### EXERCISE DATA
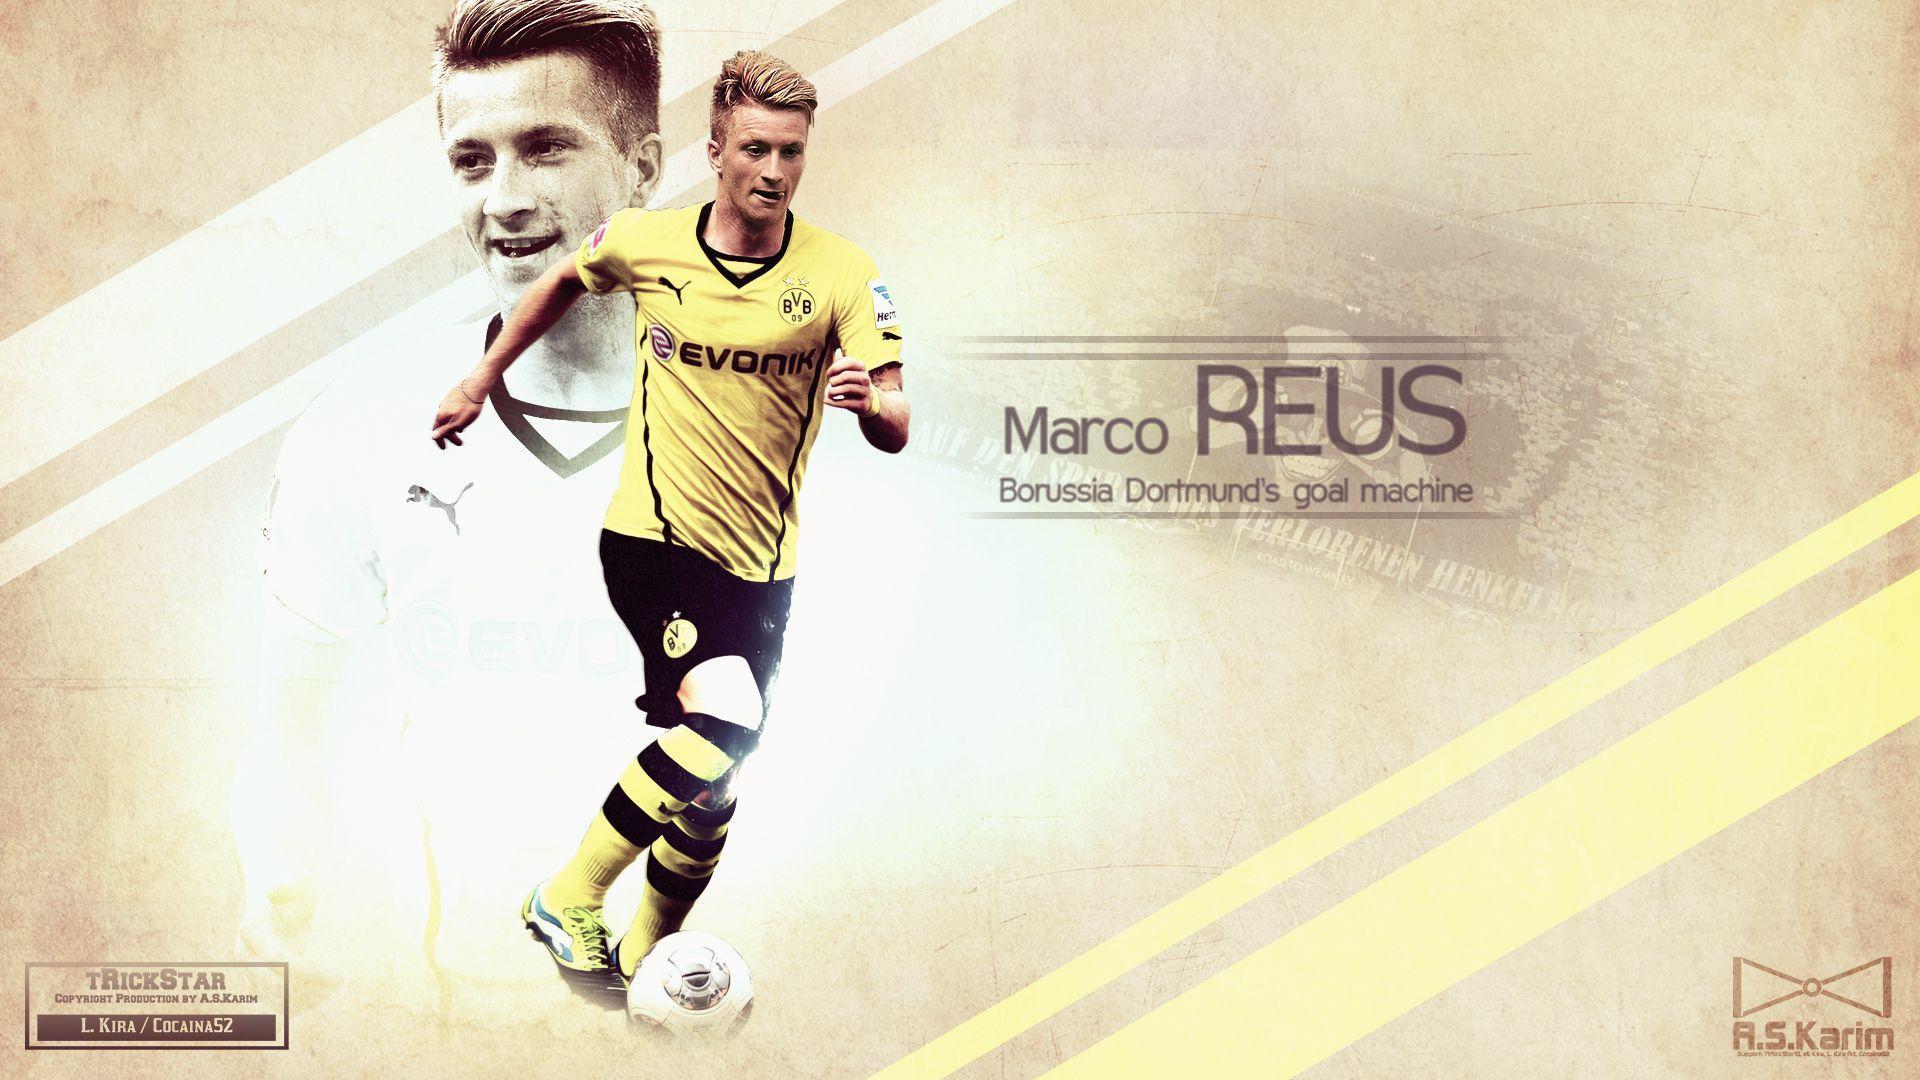 Marco Reus Wallpaper, Magnificent HDQ Live Marco Reus Pics
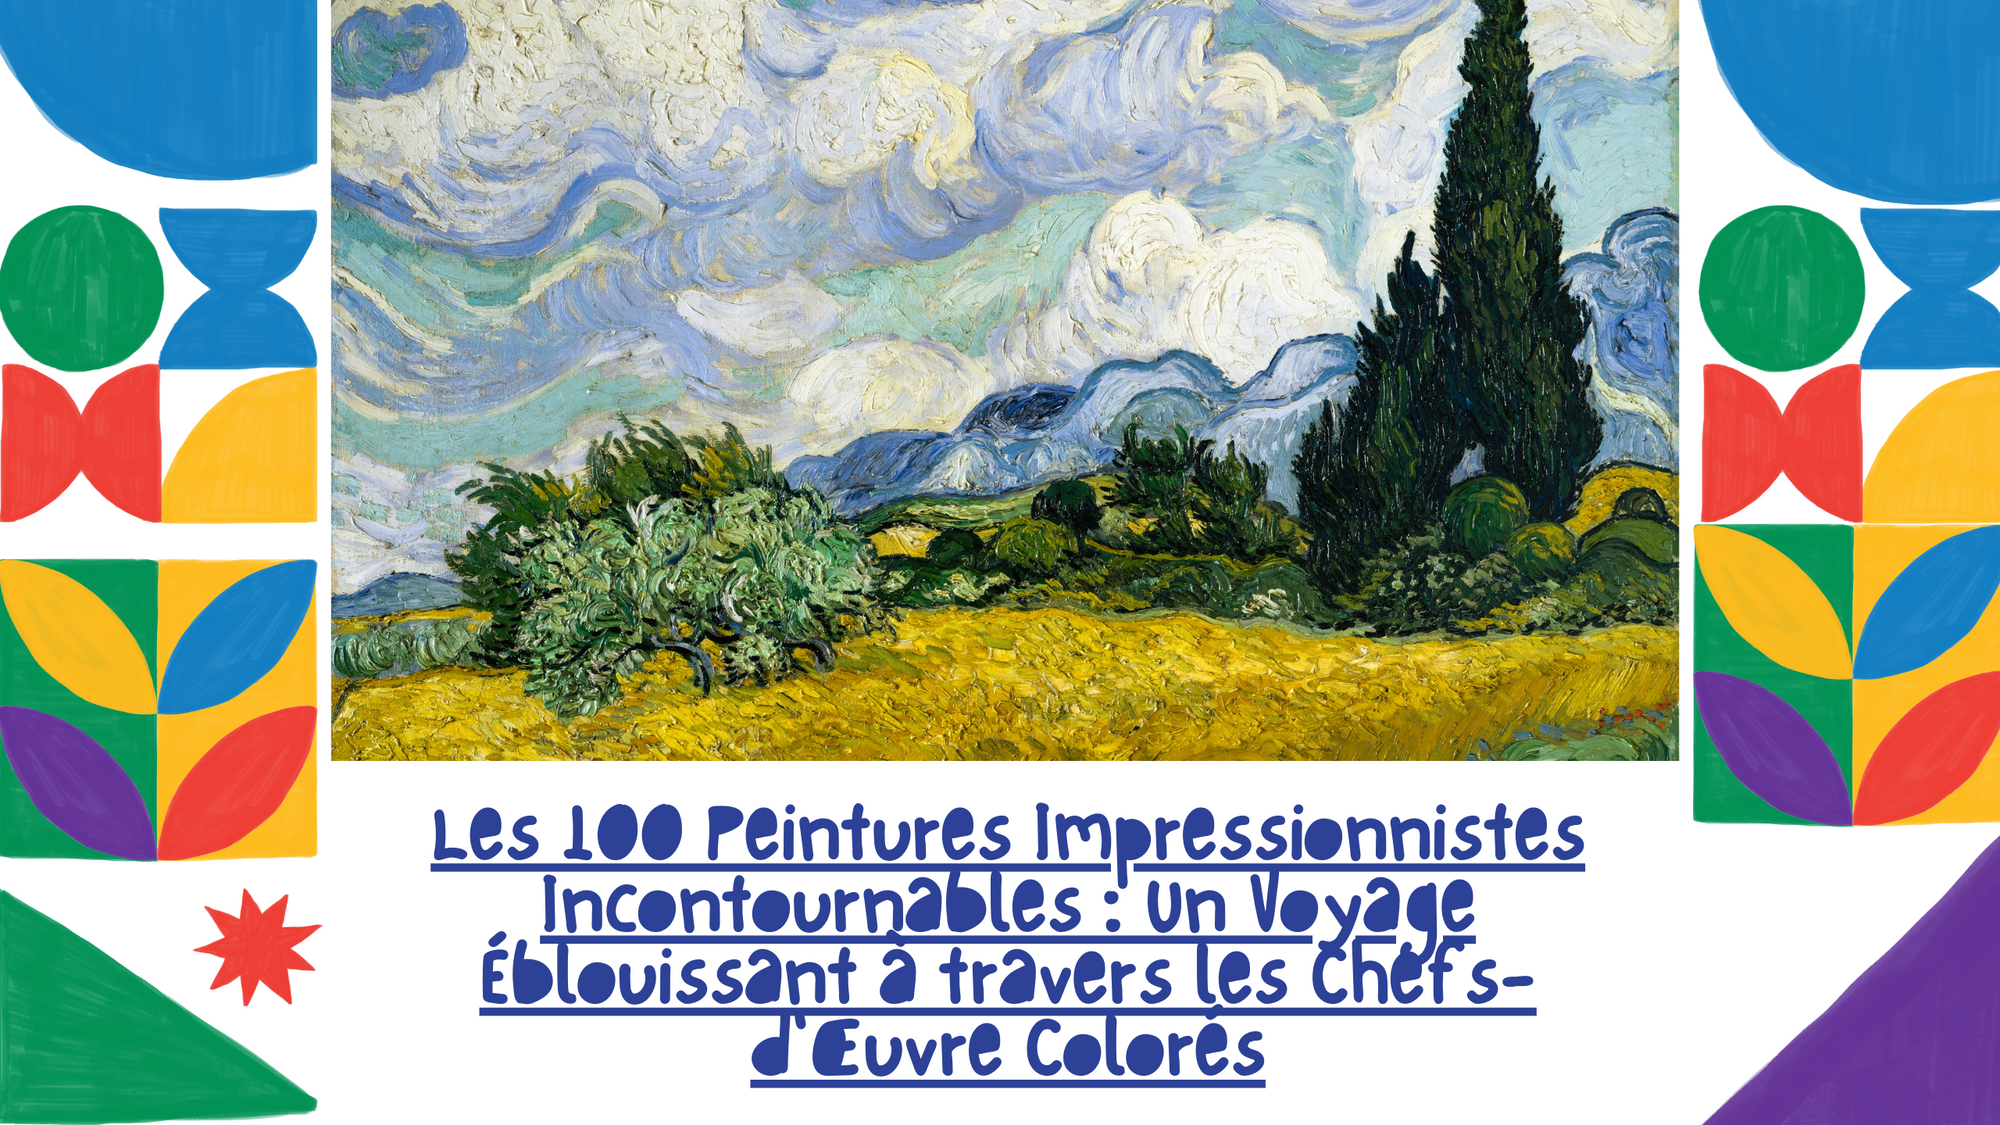 Les 100 Peintures Impressionnistes Incontournables : Un Voyage Éblouissant à travers les Chefs-d'Œuvre Colorés
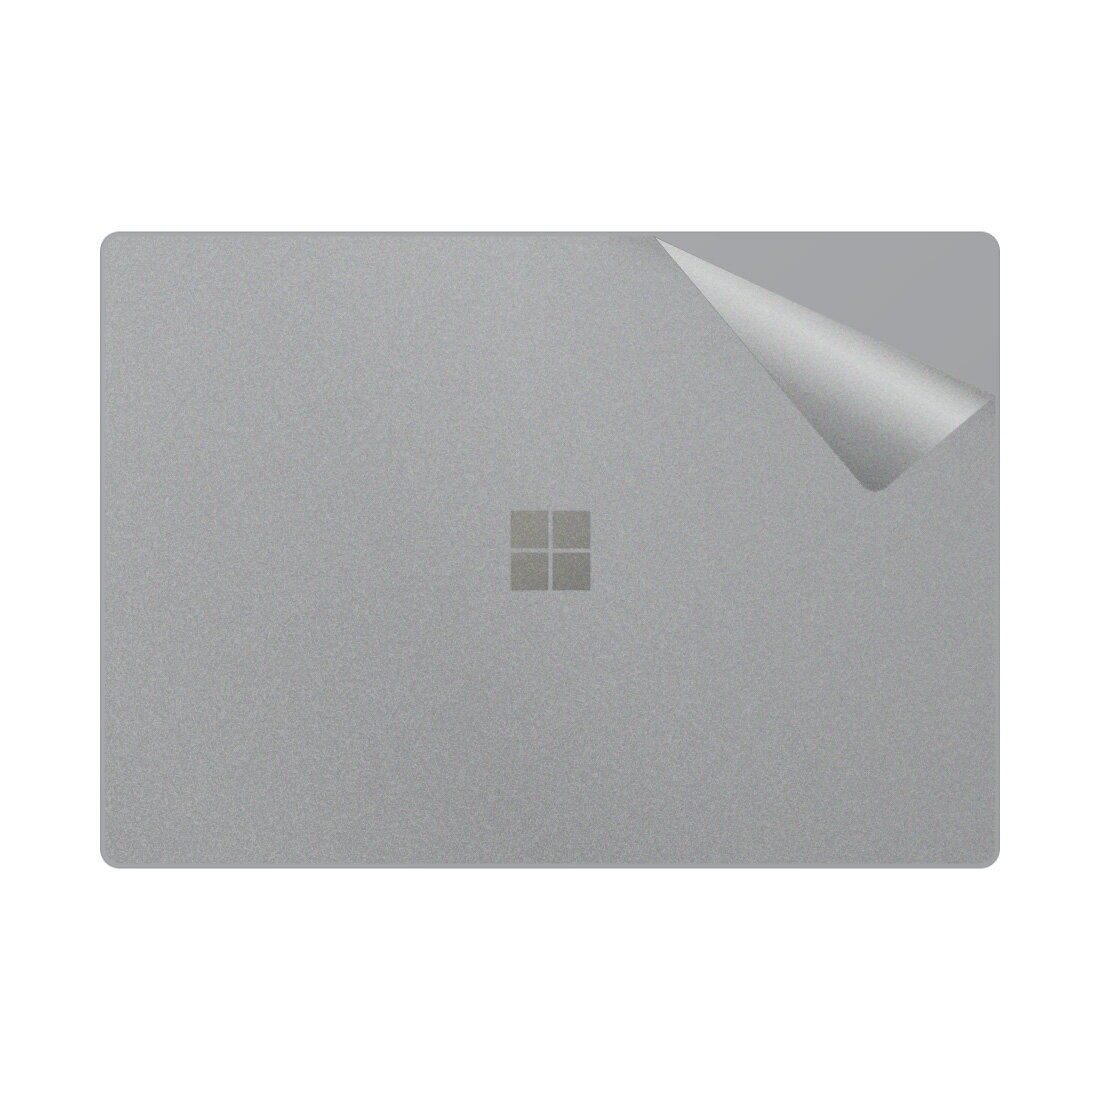 スキンシール サーフェス Surface Laptop 3 (15インチ)(2019年10月発売モデル) 【透明・すりガラス調】..
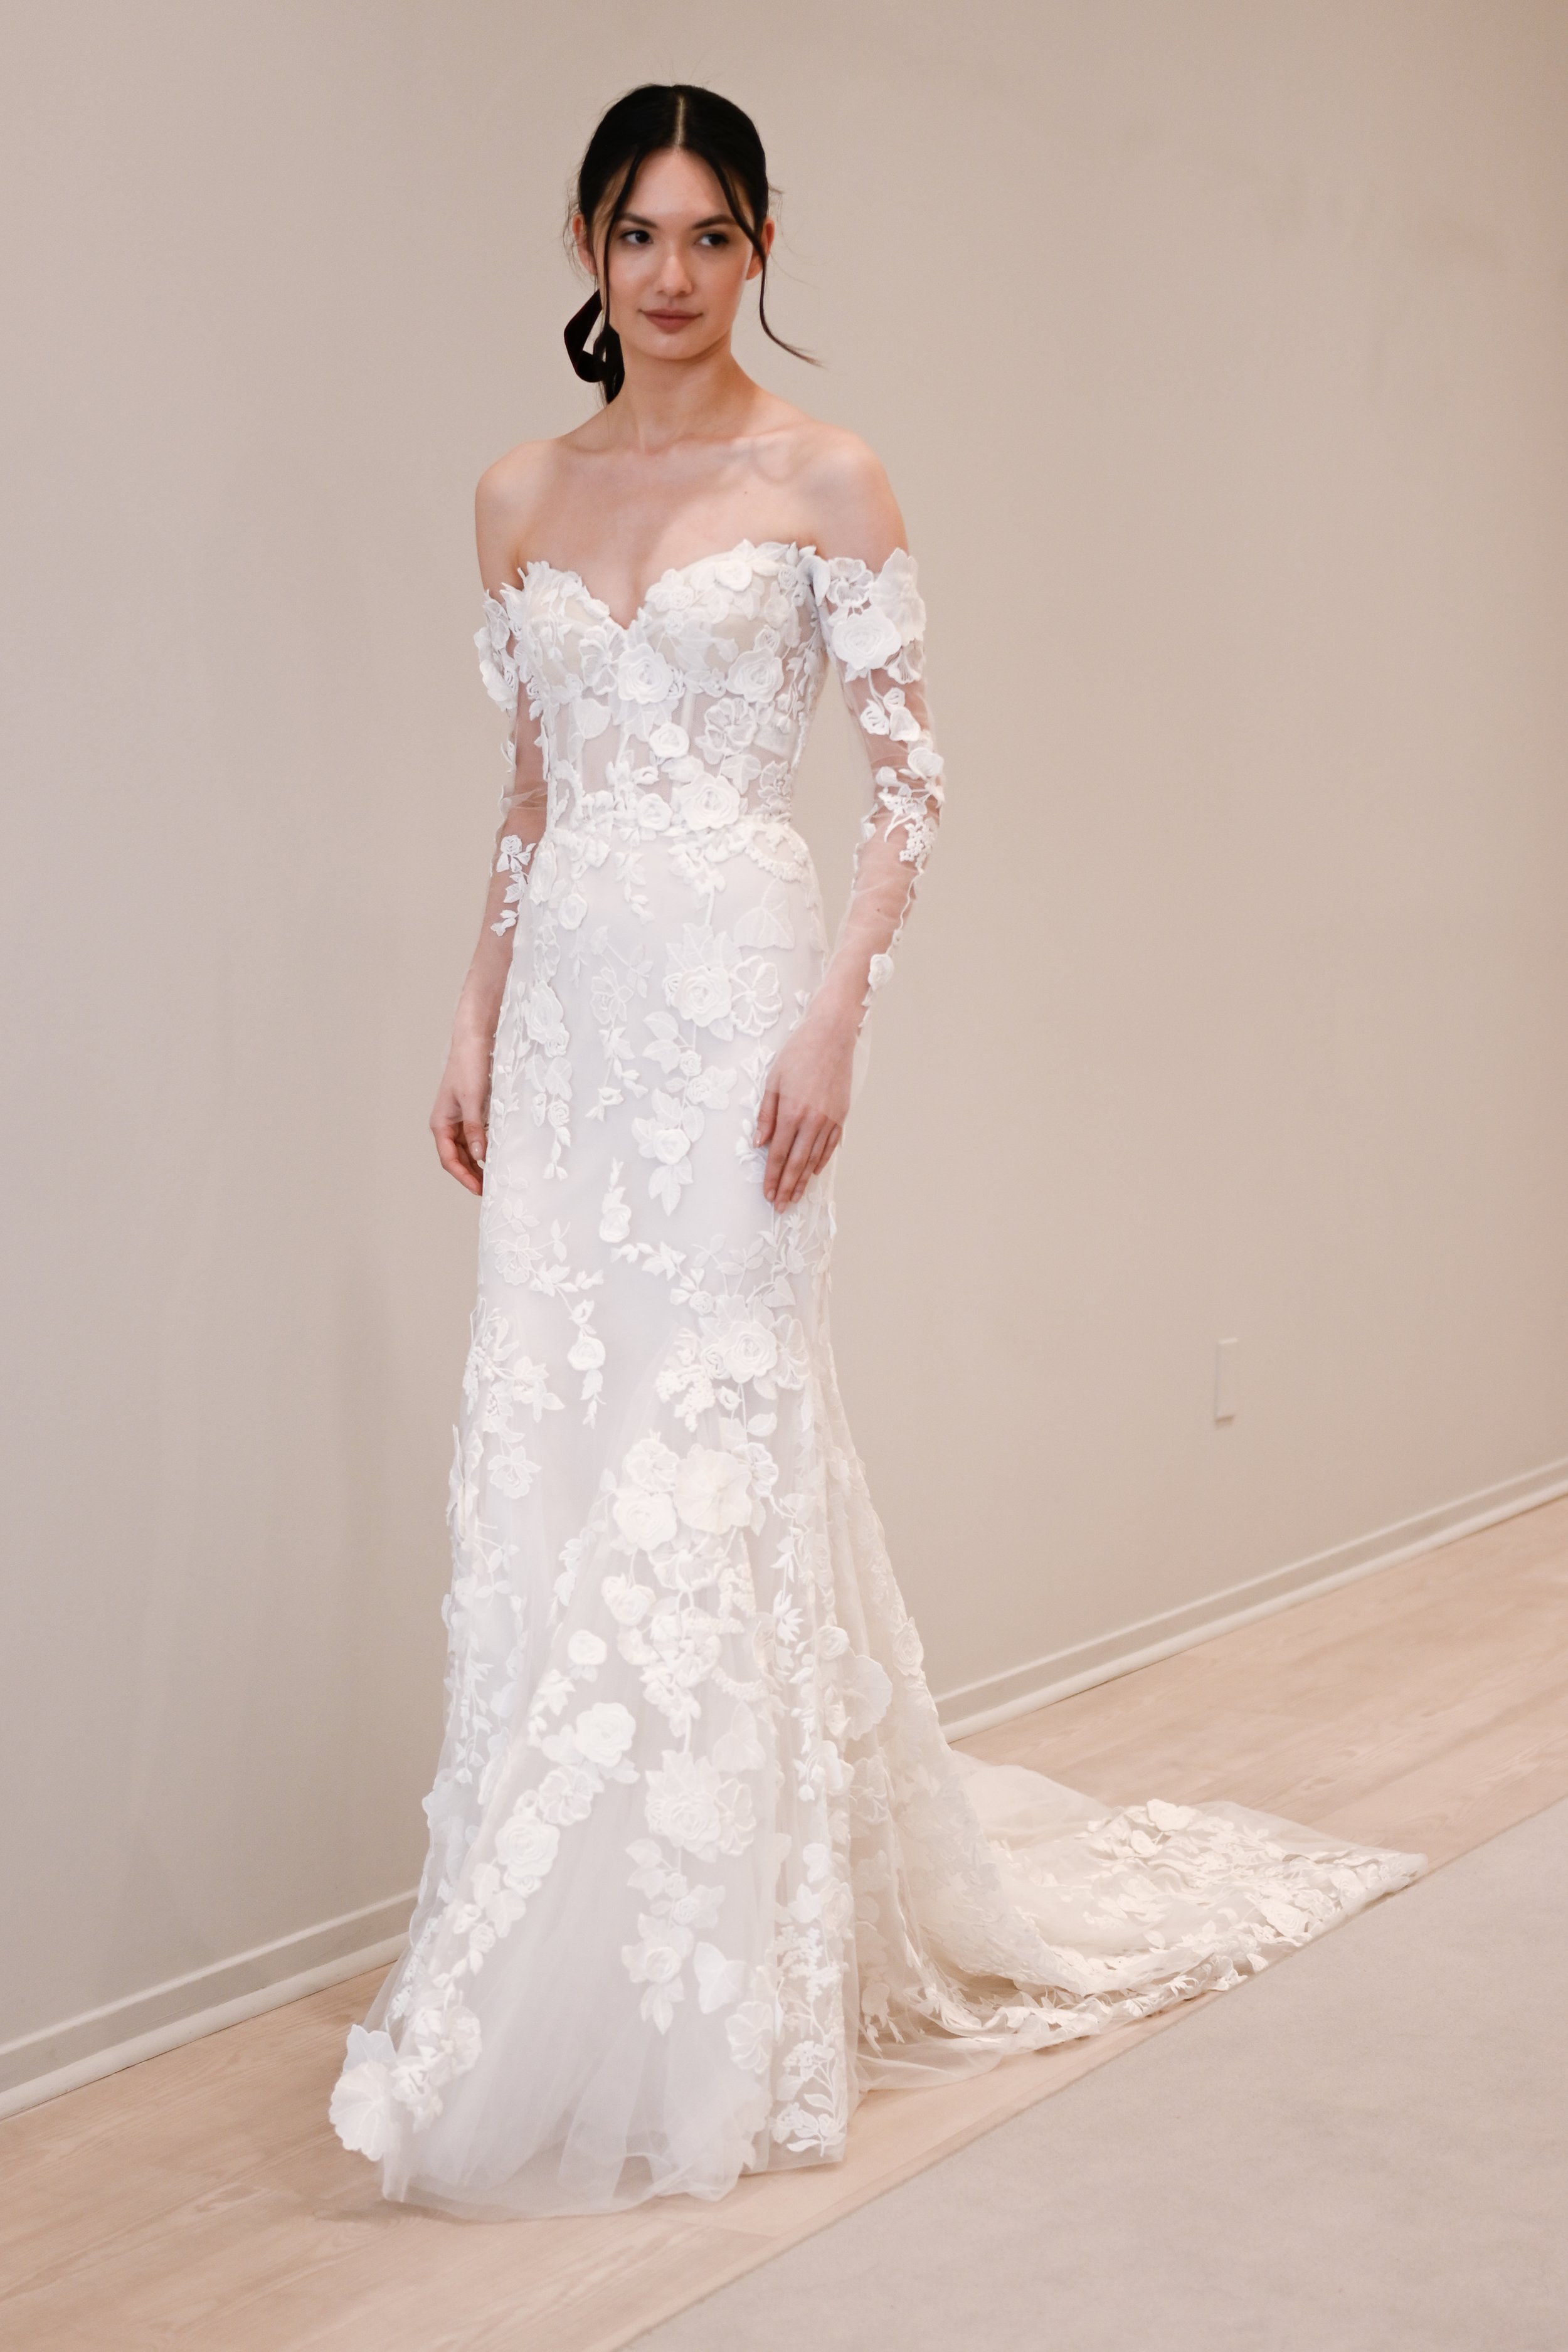 Monique Lhuillier Marissa Mini New Wedding Dress Save 26% - Stillwhite

### EXERCISE
Exclude the pictures from the copy. Retype exactly the lines running from the one containing "Les 100 Peintures" through the last line of the listing.

### REPLY TO THE EXERCISE
 Les 100 Peintures Impressionnistes Incontournables : Un Voyage Éblouissant à travers les Chefs-d'Œuvre Colorés
 スキンシール サーフェス Surface Laptop 3 (15インチ)(2019年10月発売モデル) 【透明・すりガラス調】..
 Monique Lhuillier Marissa Mini New Wedding Dress Save 26% - Stillwhite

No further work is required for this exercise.